— Task description —
Only the lines below from the one containing "Arancia Di Sicilia" through the one containing "FC Stahl Brandenburg" belong in the answer, repeated exactly and without pictures.

— Material provided —
^^^^^^^^^^^^^^^^

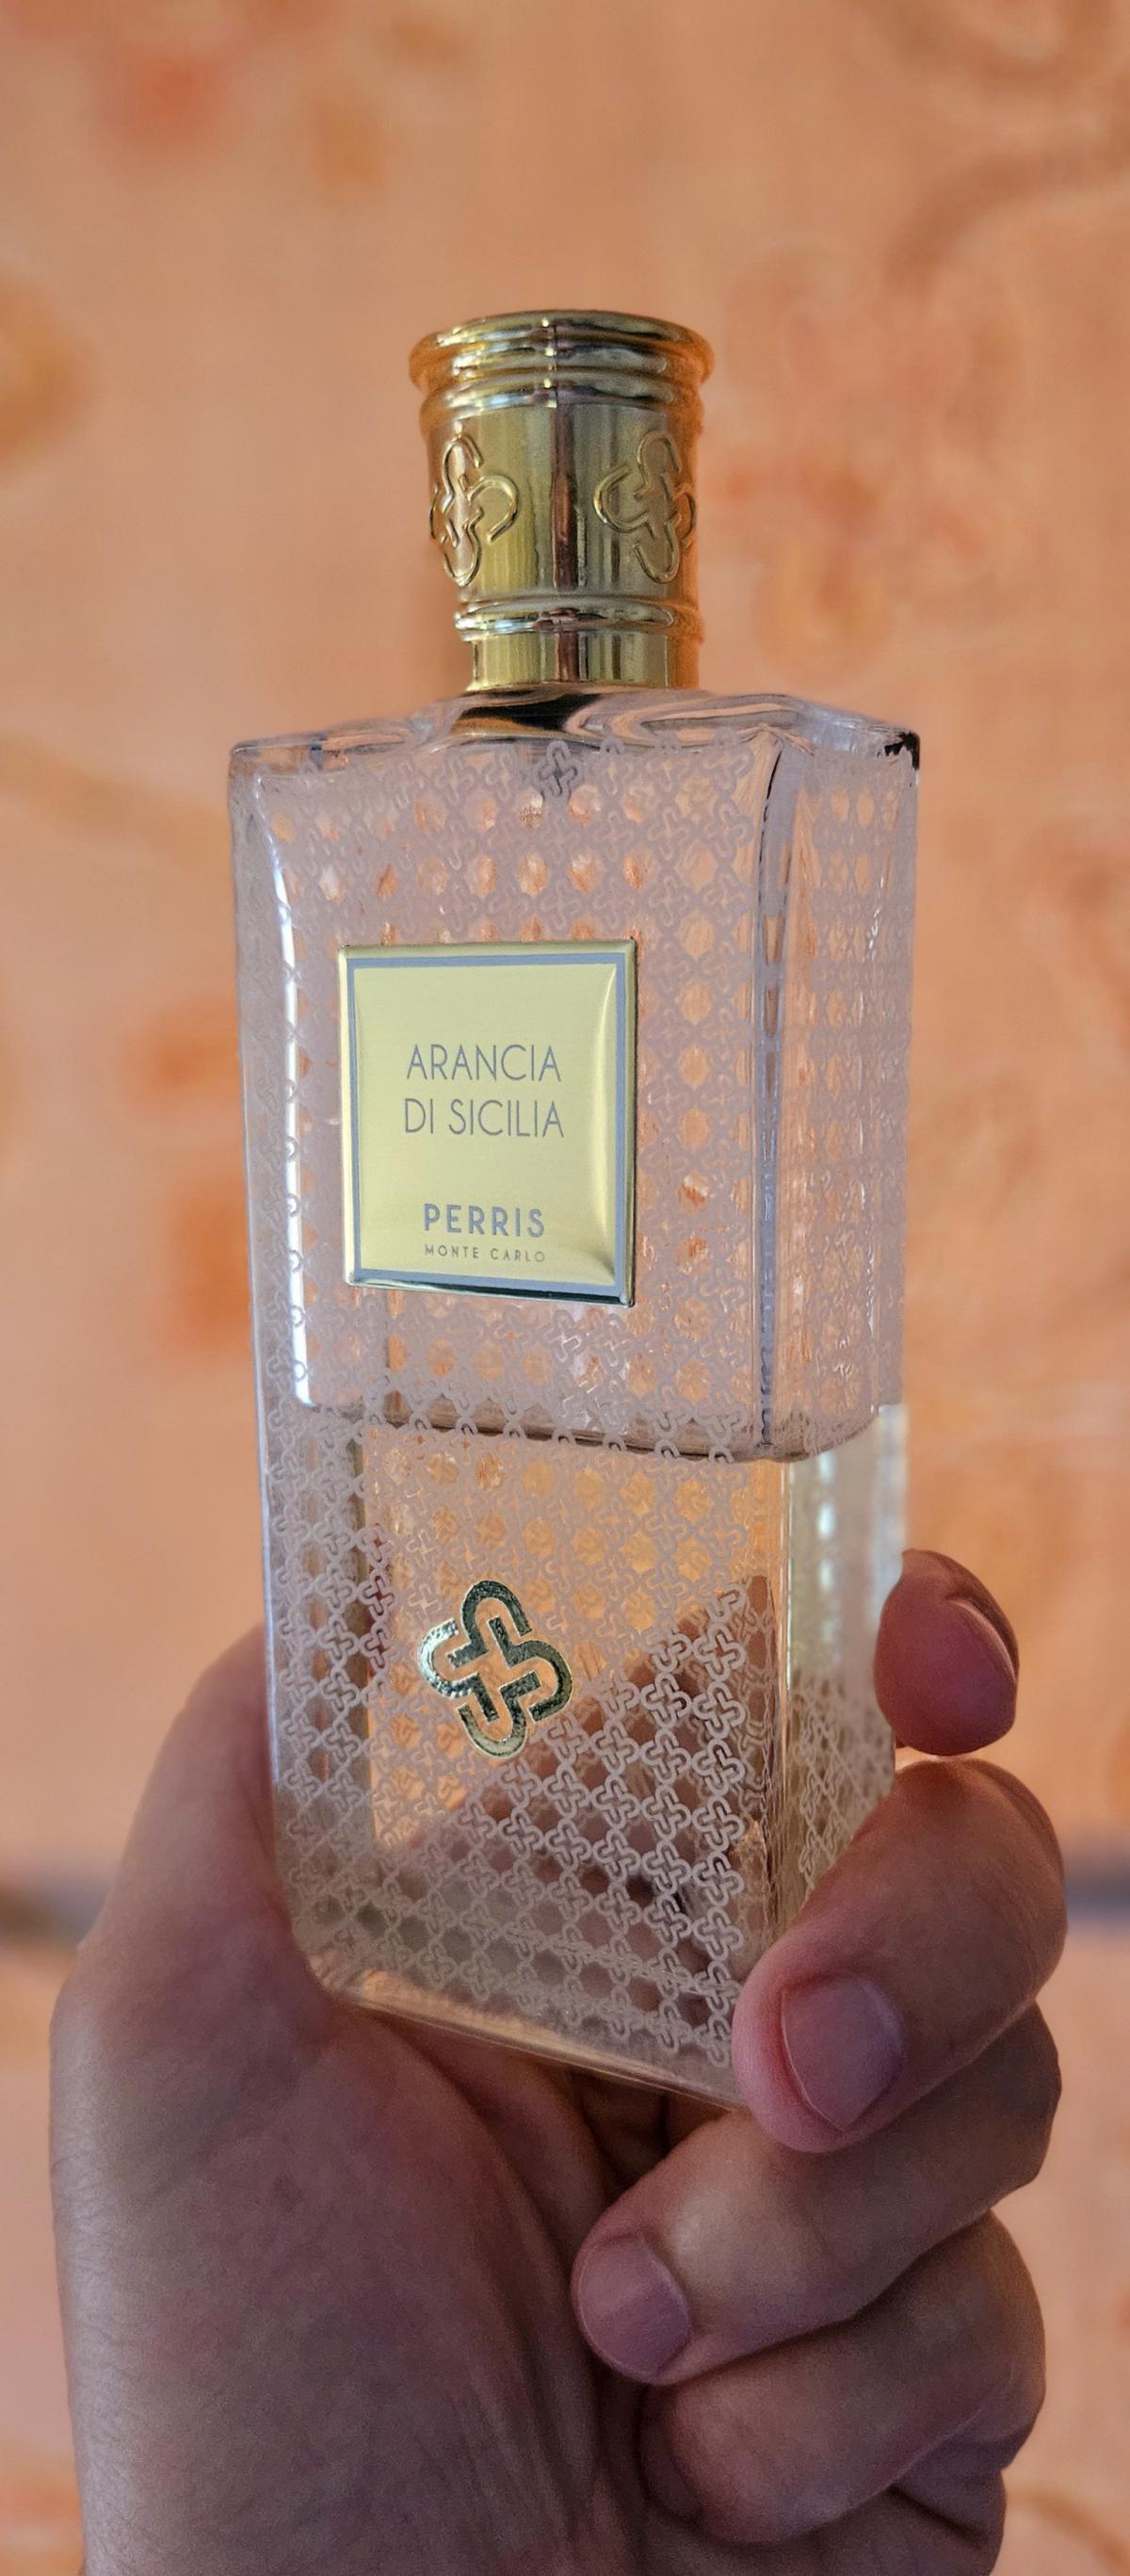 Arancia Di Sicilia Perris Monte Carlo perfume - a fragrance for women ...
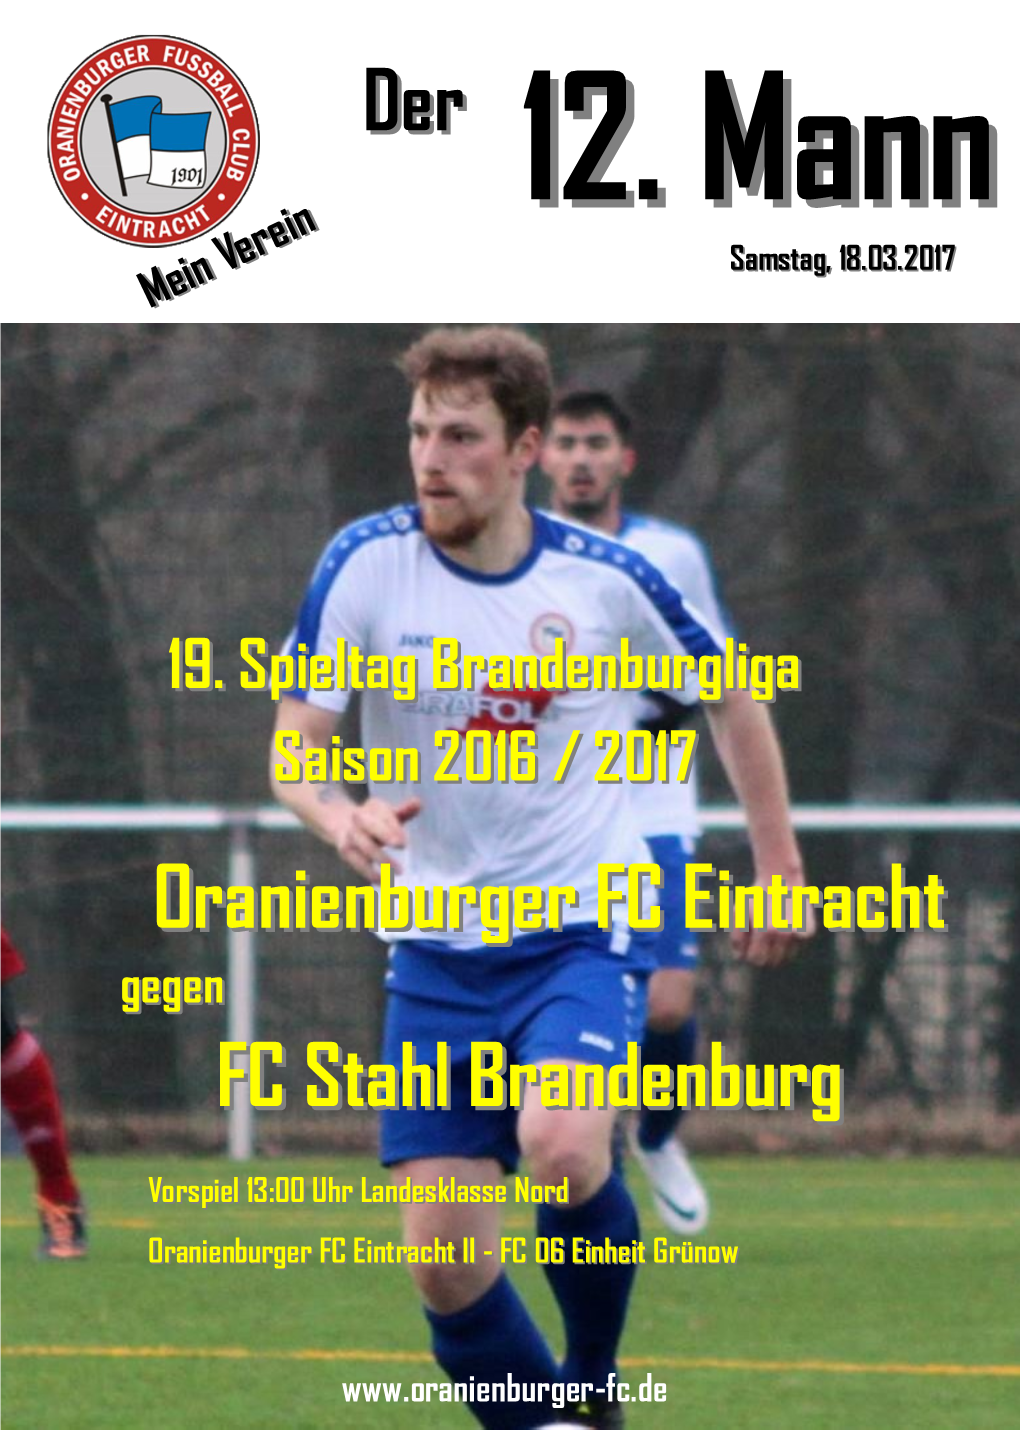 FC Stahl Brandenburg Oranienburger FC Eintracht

^^^^^^^^^^^^^^^^

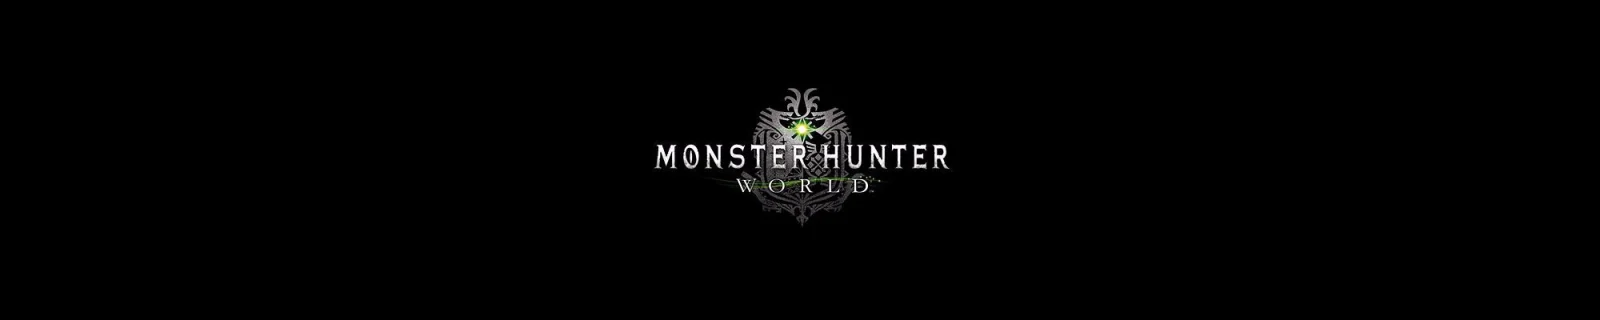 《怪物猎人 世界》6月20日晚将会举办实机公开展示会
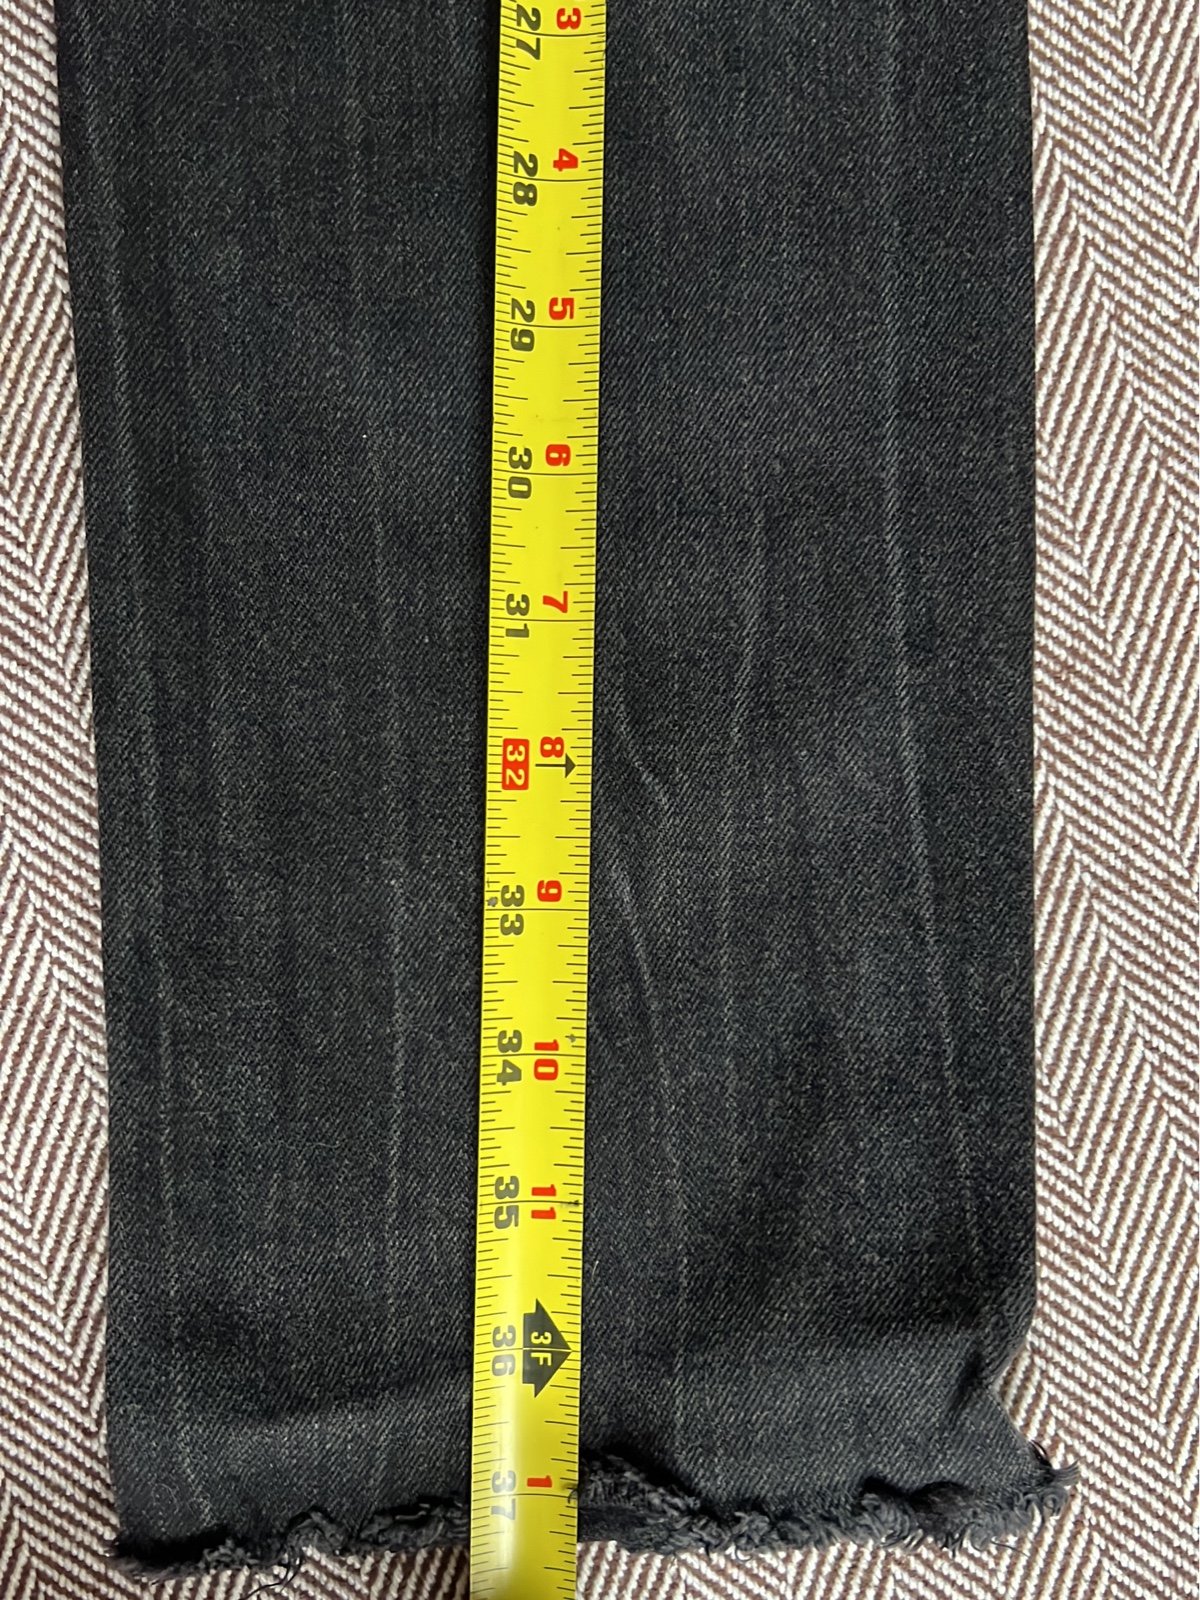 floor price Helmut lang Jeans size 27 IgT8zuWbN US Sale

^^^^^^^^^^^^^^^^

— Solution to this task —
 Arancia Di Sicilia Perris Monte Carlo perfume - a fragrance for women ...
 FC Stahl Brandenburg Oranienburger FC Eintracht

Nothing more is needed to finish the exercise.